Gubernur DKI Jakarta, Basuki Tjahaja Purnama alias Ahok setibanya di Gedung KPK, Jakarta, 12 April 2016. Kedatangan Ahok tersebut untuk dimintai keterangannya terkait penyelidikan dugaan korupsi pembelian lahan RS Sumber Waras. TEMPO/Eko Siswono Toyudho
TEMPO.CO, Jakarta - Gubernur DKI Jakarta Basuki Tjahaja Purnama alias Ahok mengatakan bahwa di masa mendatang reklamasi akan menjadi hal yang lumrah dilakukan. Dengan semakin cepatnya lonjakan jumlah manusia, kebutuhan akan lahan pun akan semakin meningkat.
"Ada analisa dunia 40 tahun ke depan, kalau enggak mau lakukan reklamasi akan kelaparan karena penduduk bertambah banyak, lahan tidak cukup," kata Ahok di kantor Gubernur DKI Jakarta, Kamis, 14 April 2016.
Ahok menyatakan pada dasarnya tidak ada yang menolak reklamasi. Di banyak negara upaya reklamasi merupakan hal yang biasa dilakukan. Misalnya, di Singapura dan di Dubai. Kedua negara ini merupakan negara yang melakukan reklamasi di negaranya.
Menurut Ahok, Indonesia cukup beruntung dengan kondisi geologisnya. Indonesia berada di lempeng samudra sehingga kedalaman lautnya tidak terlalu dalam.

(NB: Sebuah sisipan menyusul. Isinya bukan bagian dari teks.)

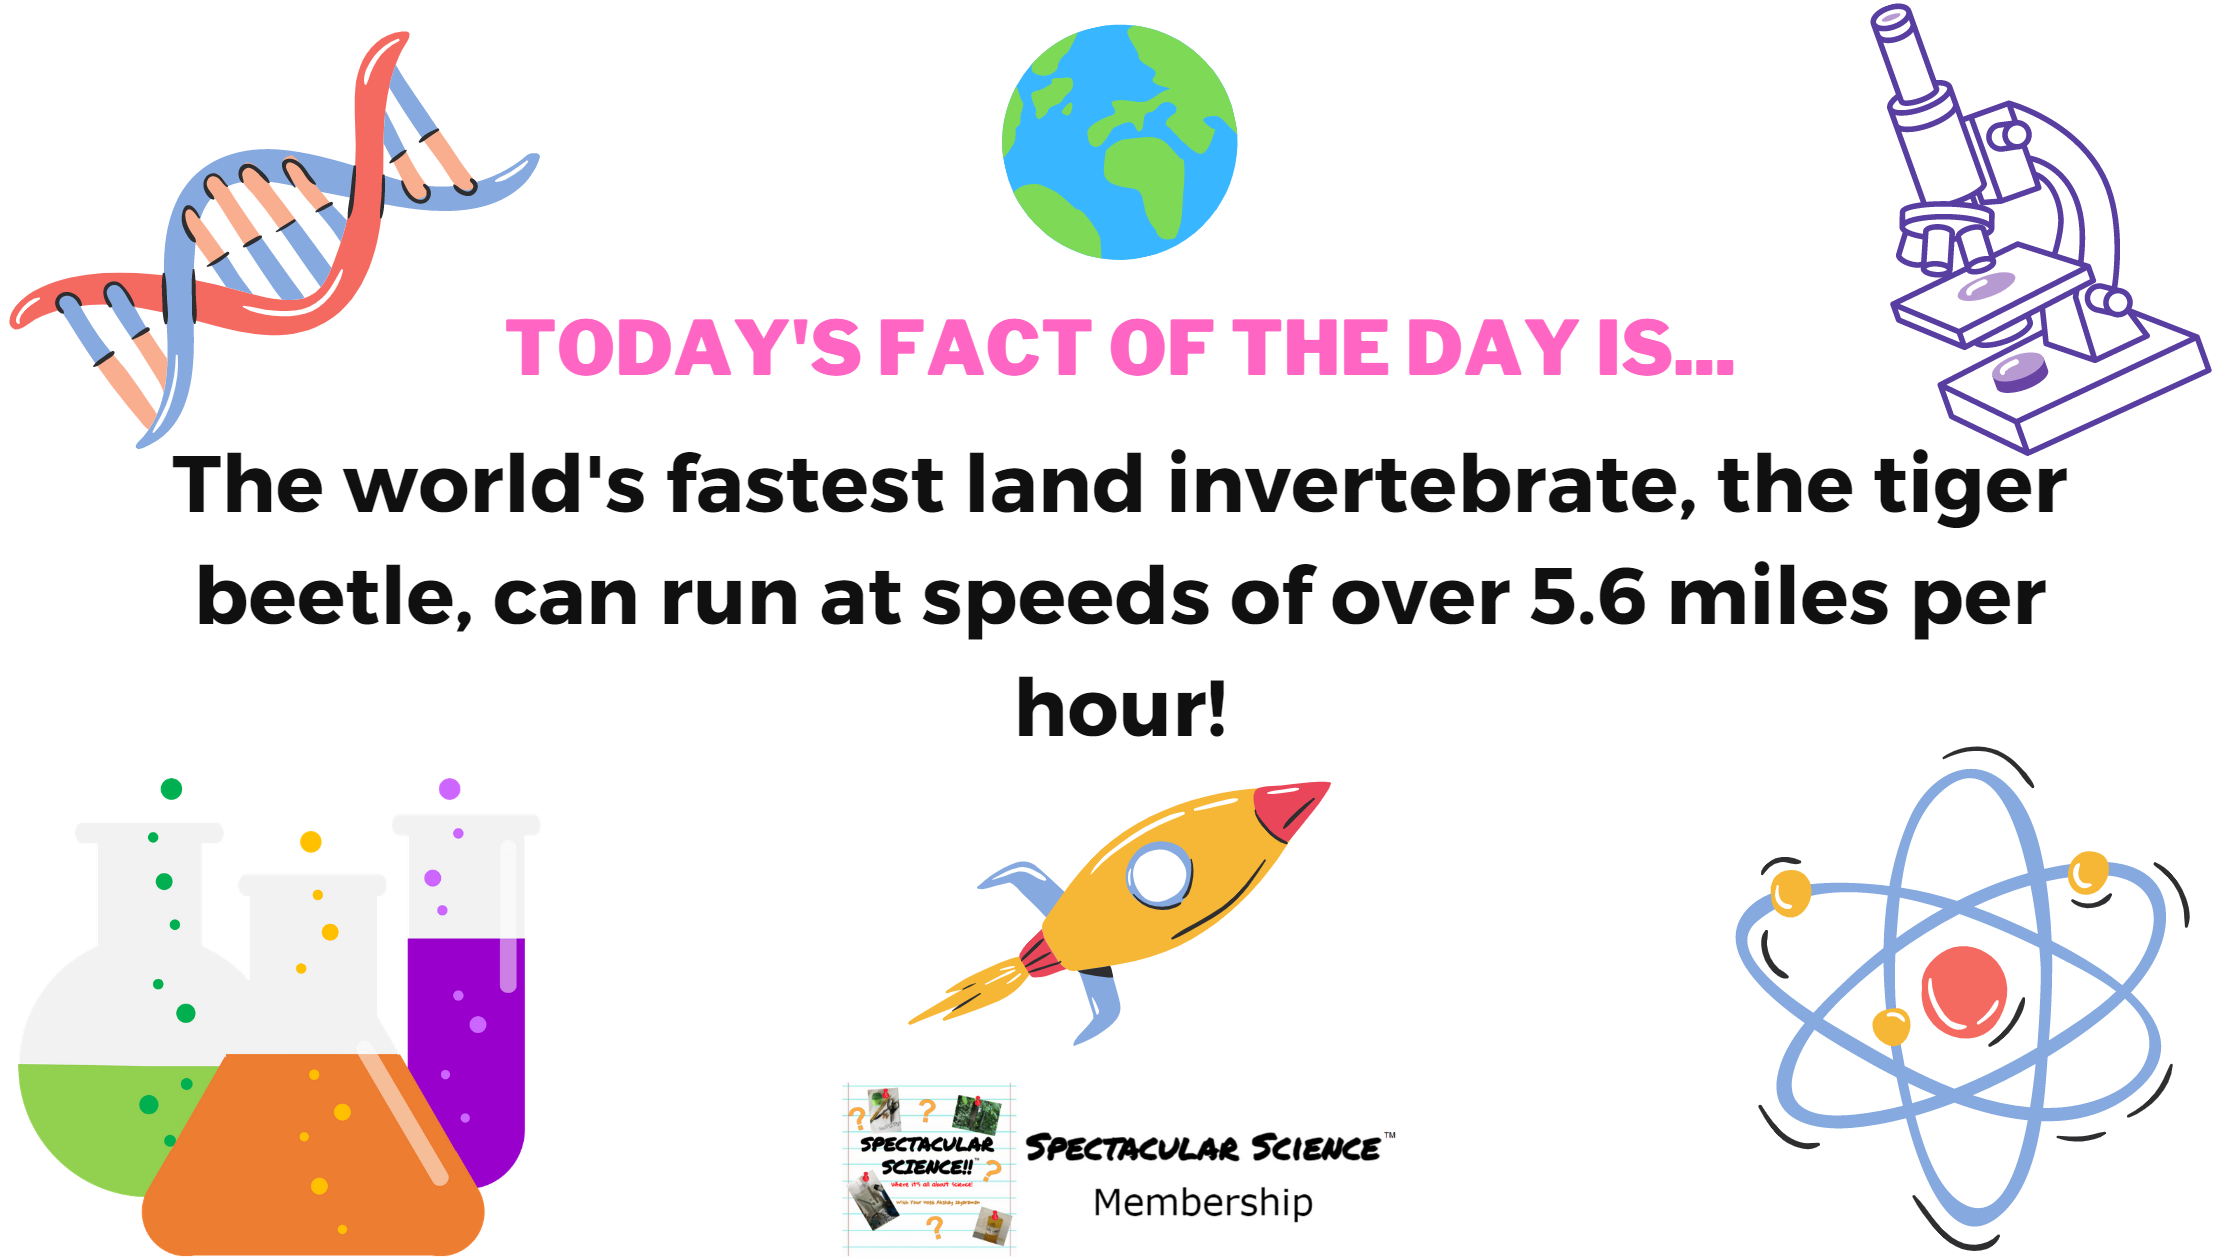 Fact of the Day Image March 19th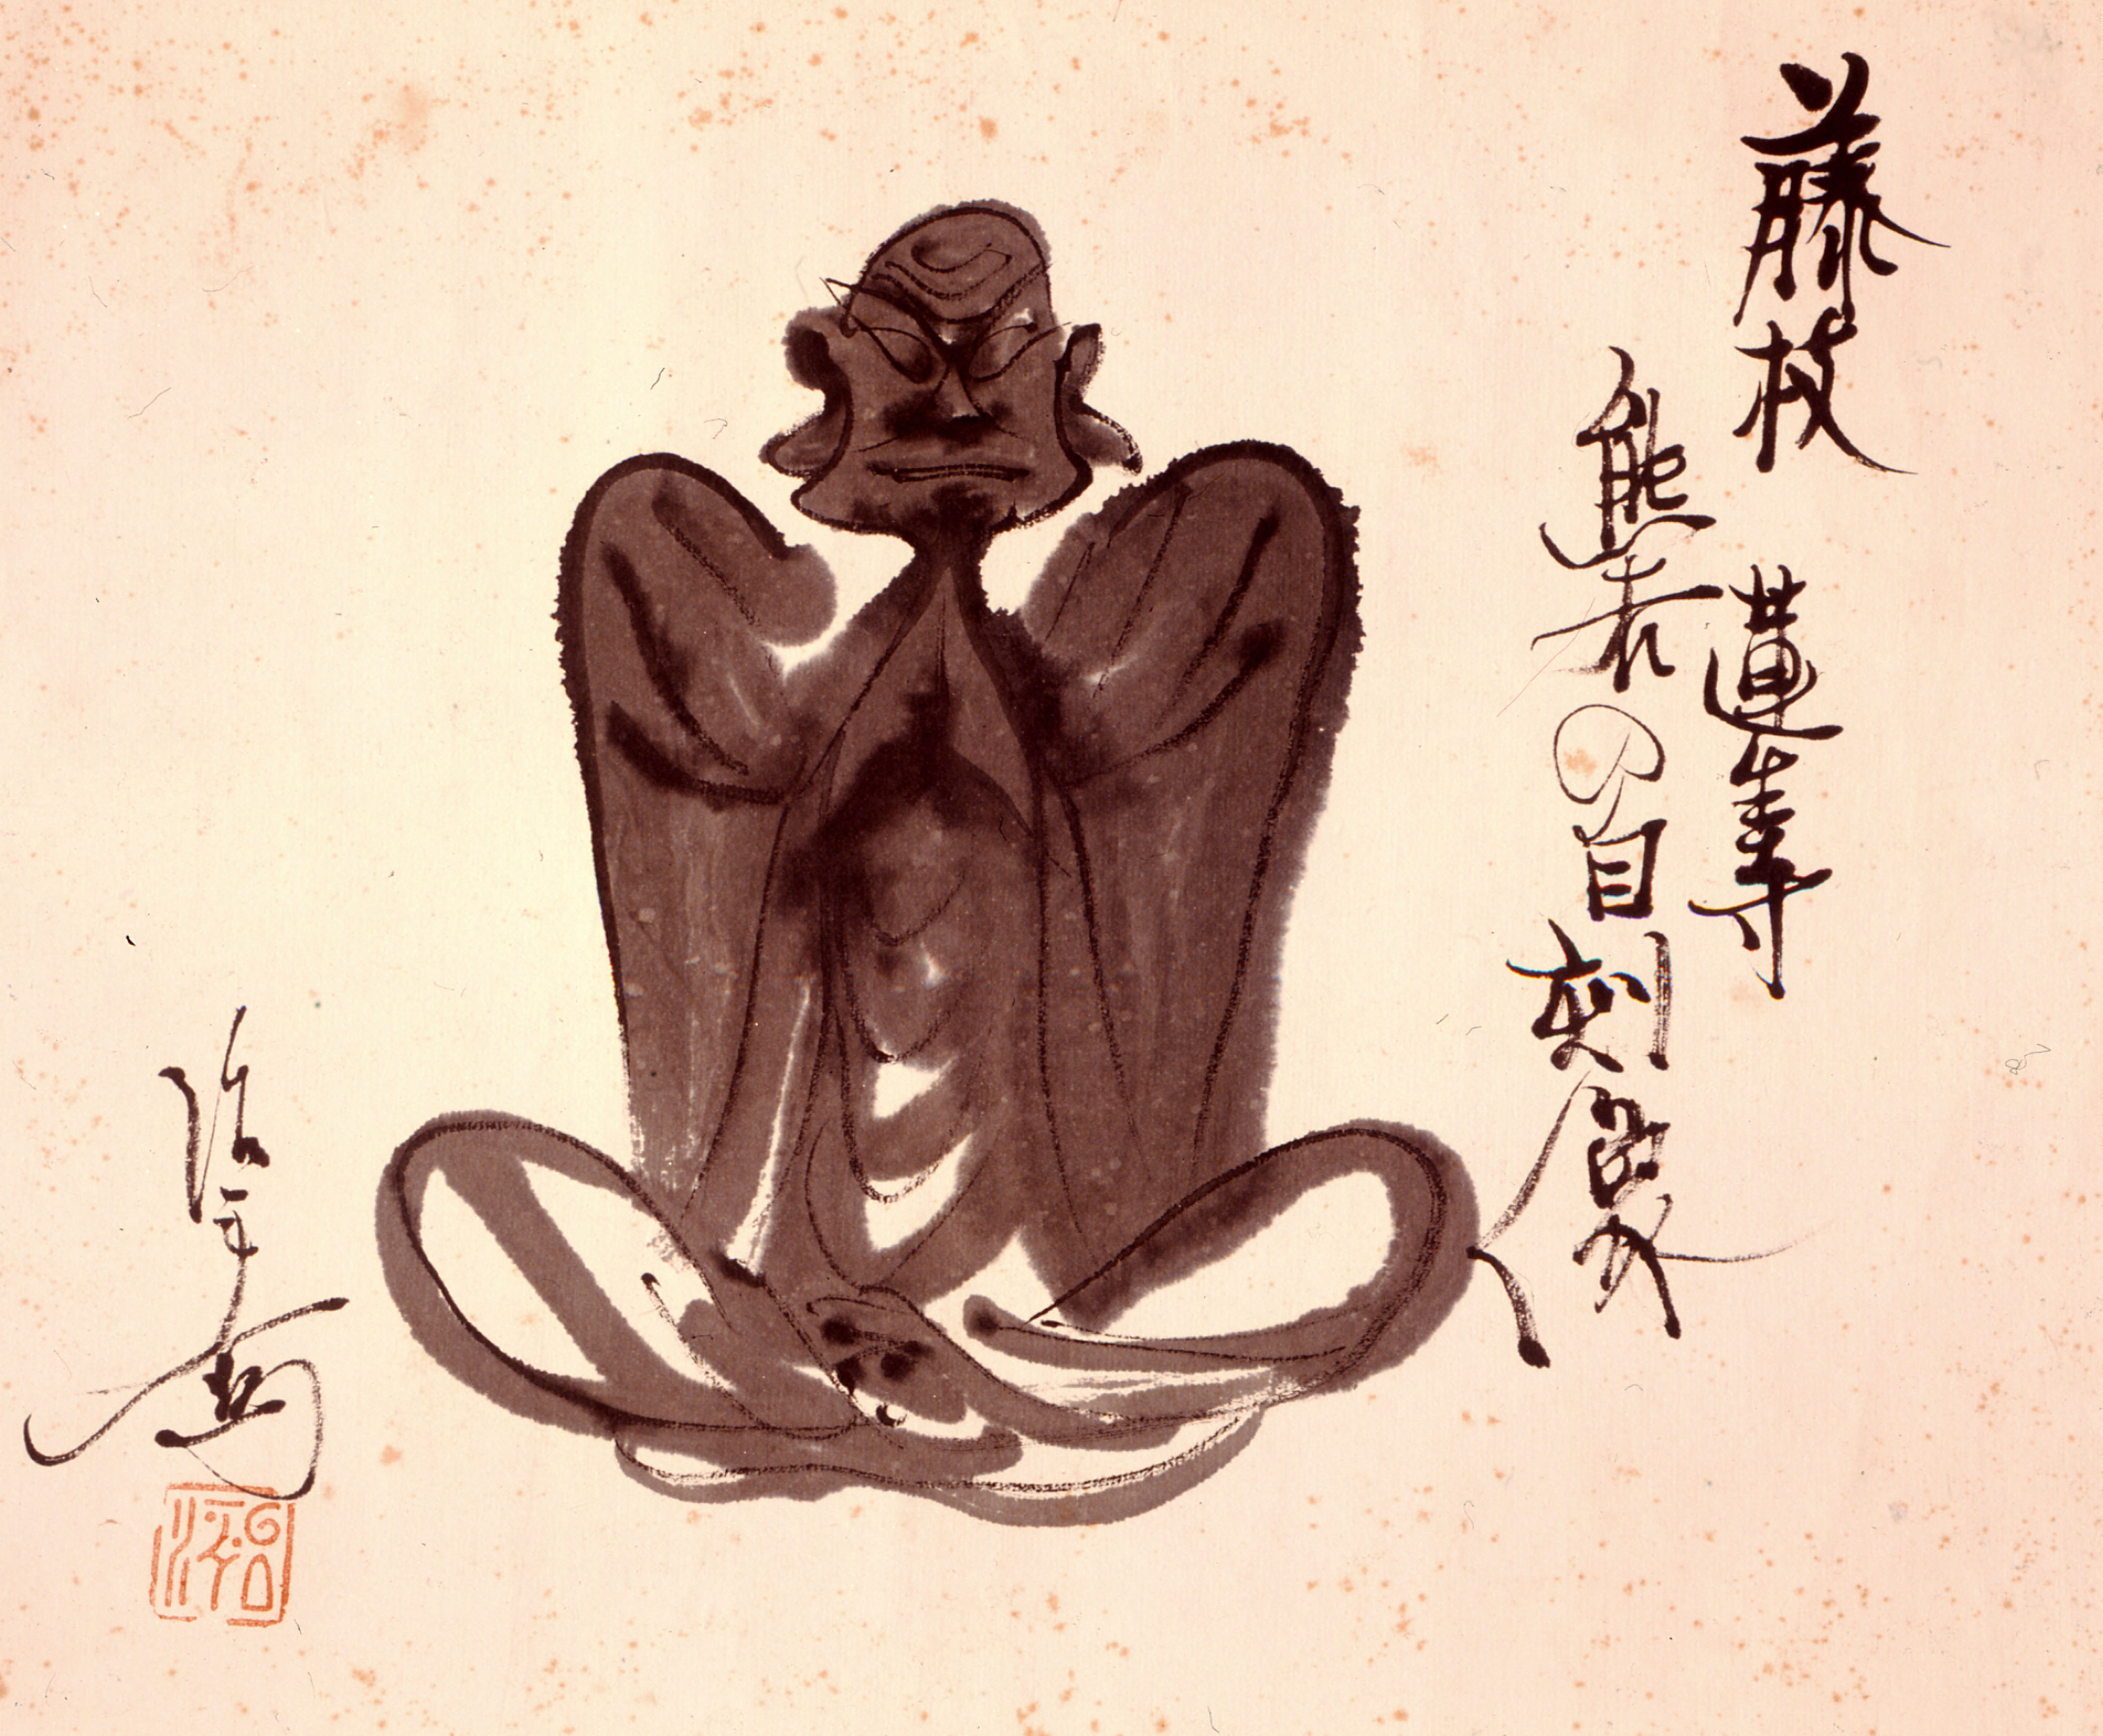 Depiction of a Kappa, a type of vampire like lecherous creature of Japanese folklore. (Werner Forman—UIG/Getty Images)

Dengan kondisi perairan yang dangkal, reklamasi dapat dilakukan dengan lebih mudah. "Maka beruntunglah Indonesia yang punya pulau, kita ini bukan lempeng samudra tapi lempeng benua makanya cetek," ujarnya.
Melalui Keputusan Presiden Nomor 52 Tahun 1995, pemerintah mengeluarkan izin untuk membangun pulau reklamasi. Aturan ini kemudian diperbarui oleh aturan lain, yakni Peraturan Presiden Tahun 122 Tahun 2012.
Ahok juga telah mengeluarkan izin bagi sejumlah pengembang yang tertuang dalam surat keputusan gubernur. Izin itu di antaranya dikeluarkan dalam bentuk SK Gubernur DKI Jakarta Nomor 2268 Tahun 2015 tentang Pemberian Izin Pelaksanaan Reklamasi Pulau F kepada PT Jakarta Propertindo.
Selain itu, ada SK Gubernur DKI Jakarta Nomor 2269 Tahun 2015 tentang Pemberian Izin Pelaksanaan Reklamasi Pulau I kepada PT Jaladri Kartika Pakci. Ada juga SK Gubernur DKI Jakarta Nomor 2485 Tahun 2015 tentang Pemberian Izin Pelaksanaan Reklamasi Pulau K kepada PT Pembangunan Jaya Ancol.